Ulrich Kelber, seines Zeichens Bundesdatenschutzbeauftragter, ist jedoch skeptisch. „Bei jeder Form von Immunitätsnachweisen handelt es sich um Gesundheitsdaten, die besonders zu schützen sind“, so Kelber. „Auf keinen Fall dürfen solche Daten missbraucht werden oder zu Diskriminierung führen.“ Dies sei zu befürchten, falls Geschäfte oder Dienstleister die Nutzung von Angeboten von einem Immunitätsnachweis abhängig machten.
Seine Zweifel sind gerechtfertigt. Wie Heise online nämlich berichtet, arbeiten die Bundesdruckerei, Lufthansa Industry Solution, die Boston Consulting Group, Ubirch, die Universitätsklinik Köln, das Gesundheitsamt Köln und weitere Partner bereits an einer technischen Lösung. Die Industrie hat größtes Interesse, zu entscheiden, wer wieder zurück an den Arbeitsplatz, zum Fußballspiel oder ab Bord eines Flugzeuges darf. Überraschend ist der Aktionismus zum jetzigen Zeitpunkt, sprich ohne ein vorliegendes Gesetz.
Inwieweit die Technik zu hacken ist, sollen Experten beurteilen.
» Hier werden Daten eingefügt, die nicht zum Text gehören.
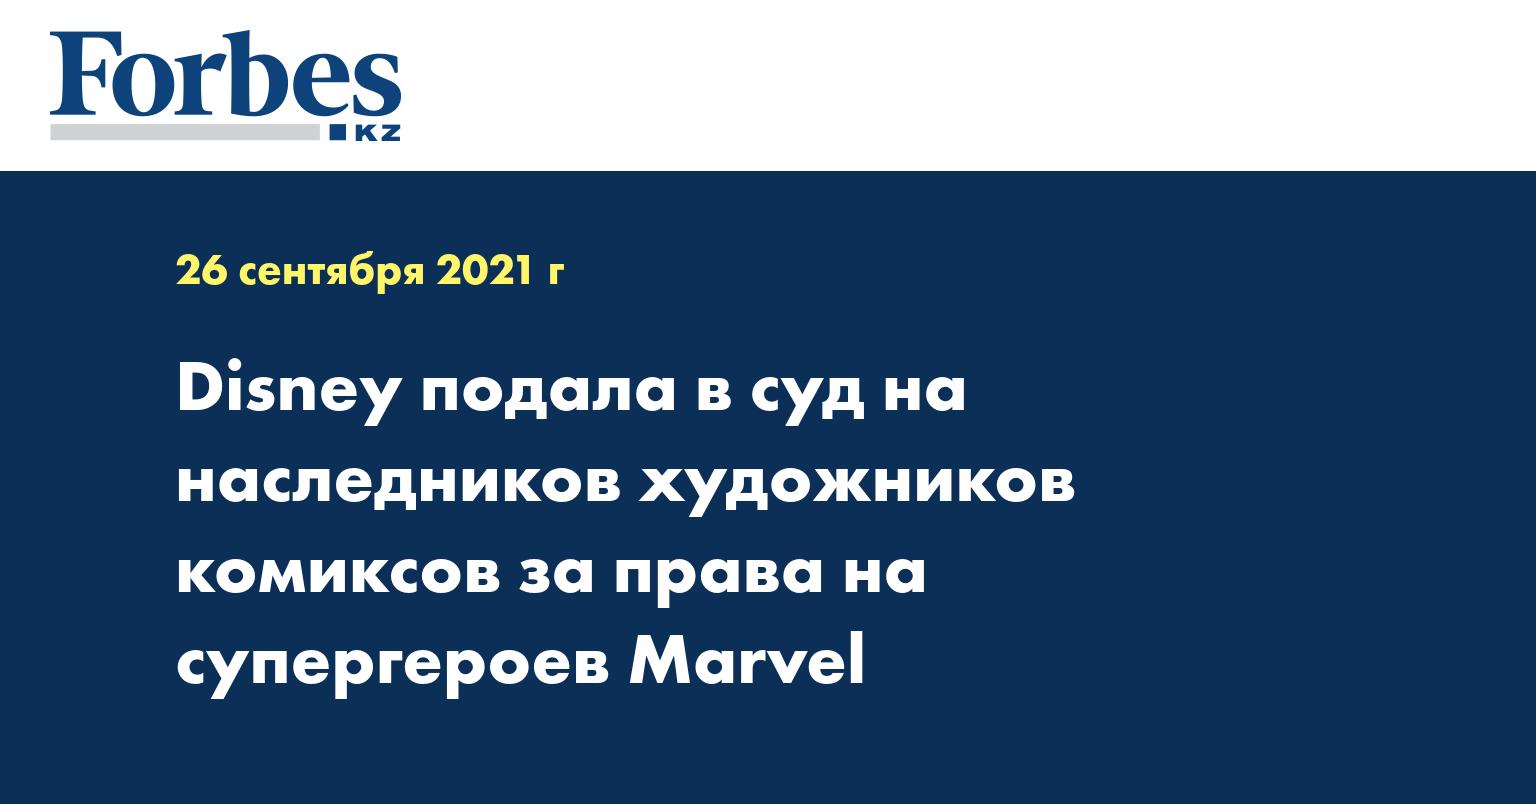 Disney подала в суд на наследников художников комиксов за права на супергероев Marvel

Ich befürchte Manipulationen von ganz anderer Seite: So lange es keinen Impfstoff gibt, könnten sich Menschen mutwillig infizieren. Denn wer Antikörper hat, kommt in den Genuss von Lockerungen. Dieses Risiko sollte bedacht werden. Auch, weil bei vielen Menschen die Aussage hängen bleibt, dass SARS-CoV-2 einer leichten Grippe gleiche. Das mag für den Großteil gesunder junger Menschen gelten, für Risikopatienten aber nicht. Letzteres betrifft eine große Menschengruppe, die man durch eine mutwillige Infektion mit dem Coronavirus in Gefahr bringen würde.
Mein Fazit: Noch sind zu viele Punkte wissenschaftlich und technisch ungeklärt, um auf die Schnelle Immunitätsausweise umzusetzen. Besser wäre, dem Druck der Bevölkerung nicht nachzugeben und den Lockdown in gewissem Maße aufrechtzuerhalten.